Home Progressive Grocer Recent Changes by the Government would help Milk Producers and Consumers Alike

Recent Changes by the Government would help Milk Producers and Consumers Alike


During the last week there are many changes that the new government has carried out are likely to support cheaper milk production. The changes include the announcement by the government to remove a 15% customs duty on oil cake and oilmeal, removal of 15% customs duty on de-oiled soya extract, scrap the incentive on export of oil cakes and other ingredients used in manufacture of cattle feeds, scrap the incentive on export of skimmed milk powder (SMP), scrap the incentive on export of buffalo meat. These would impact the improvement in productivity of cows and buffaloes, improve milk production and reduce the cost of milk production. The fear of failing monsoons is lurking heavy on inflation on food products and the government seems determined to take all actions that can tame inflation.

In the past there has been substantial increase in the cost of oilcakes and other ingredients used in manufacture of cattle and poultry feeds. It is well known that more than 60% of cost of producing milk comprises the feeds and fodders given to cows and buffaloes. As a result of increase in the cost of cattle feed ingredients, the cost of production of milk has been increasing. The combined action of scrapping the incentive on export of oilseeds and oilmeals plus the removal of customs duty on oil cakes, and deoiled soya extract will help improve the supply of animal feed particularly at a time when the market anticipates lower rains to hurt oilseed production. The Finance minister has proposed to lift the duty on groundnut oil cake, sunflower oil cake, canola oil cake, mustard oil cake, rice bran oil cake and palm kernel cake until the end of this year. Importers of de-oiled soya extract, groundnut oil cake meal, sunflower oil cake meal and mustard oil cake meal, deoiled soya extracts will get the benefit. These will bring down the market sentiment and make these products cheaper in the country. Thus India can expect the imports to increase and exports to decline. This would help bring down the prices of feeds for cattle, buffaloes, poultry and fish and thus reduce the cost production of milk, eggs, poultry meat and fish.

The Cabinet Committee on Economic Affairs (CCEA) decided to withdraw 5 per cent incentive offered to SMP exporters but has not completely banned the export of SMP. It was in June 2012 that the previous government had lifted the ban on SMP exports and included this product under Vishesh Krishi and Gram Udyog Yojana under which exporters can avail five per cent duty credit scrip on export value. During 2013-14 India exported about 1.2 lakh tonnes of SMP valued at about Rs 3,000 crore. As a result these export the consumer prices of liquid milk had increase between Rs. 2 and 4. Major milk suppliers, including Amul and Mother Dairy, had raised prices of various varieties of milk across India. The withdrawal of incentive on export is not likely to have any impact on exports because the international prices of milk are much lower as compared to the milk price in India.

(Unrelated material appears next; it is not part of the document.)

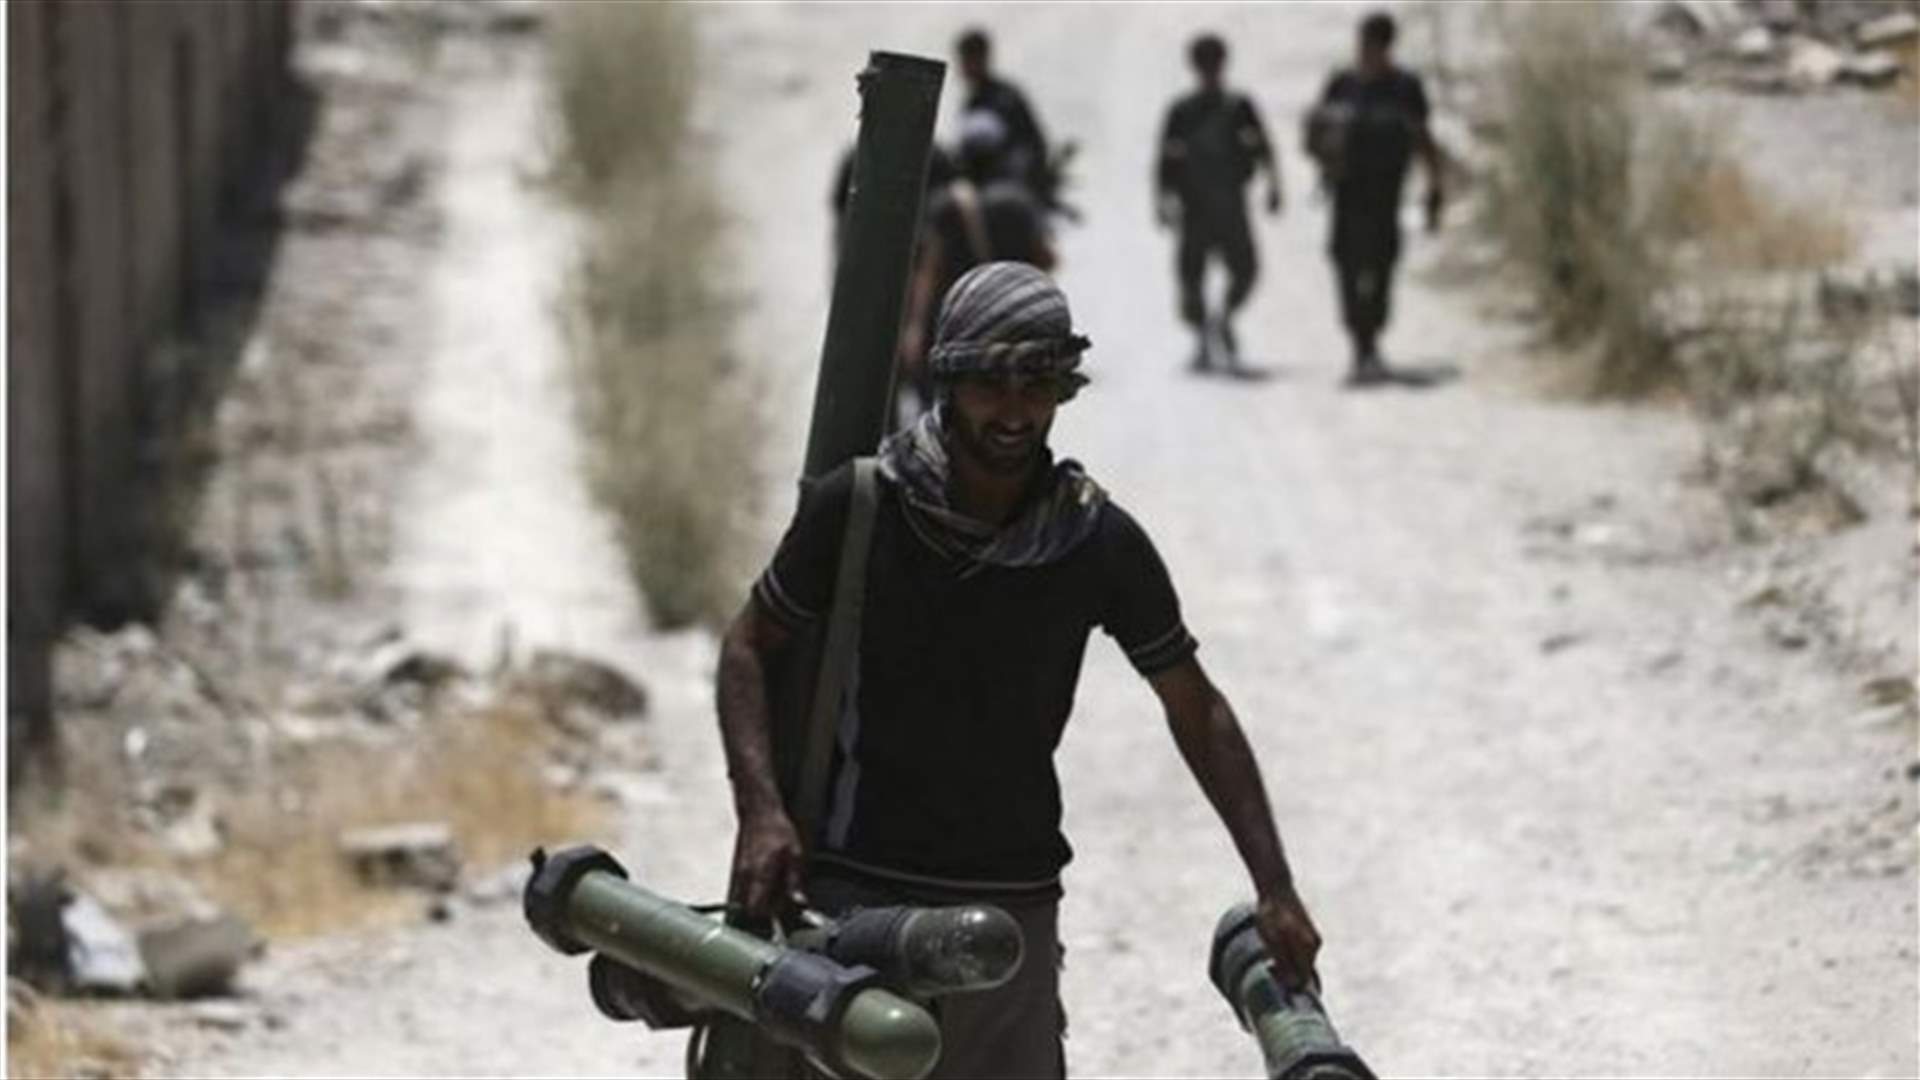 Syrian rebels capture Islamic State headquarters in Manbij -U.S. military

The combined impact of increase in the cost of cattle feeds and export of large quantities of SMP had forced the dairies in India to pay higher price to the milk producers. While the consumers of milk did suffer, the milk producers were very delighted at this change. Consequently, it is also expected that the rate of growth in milk production in the last fiscal was higher than it was the previous year. It is expected that milk production during the fiscal 2013-14 was between 139-141 million tonnes. As the largest producer of milk in the rate of growth of more than 4% in a year in milk production is very significant as compared to the world growth being less than 2% per annum.

During the forthcoming year the farmers are likely to face a drought like situation. If India can keep ensure easy availability of feed ingredients and that too a cheaper cost, sure the milk producers would be able to survive the bad weather. Cost of producing milk being cheaper, it would not be necessary to increase the prices of milk payable to the milk producers. This would control the inflation in milk and milk products and bring some cheer to the consumers.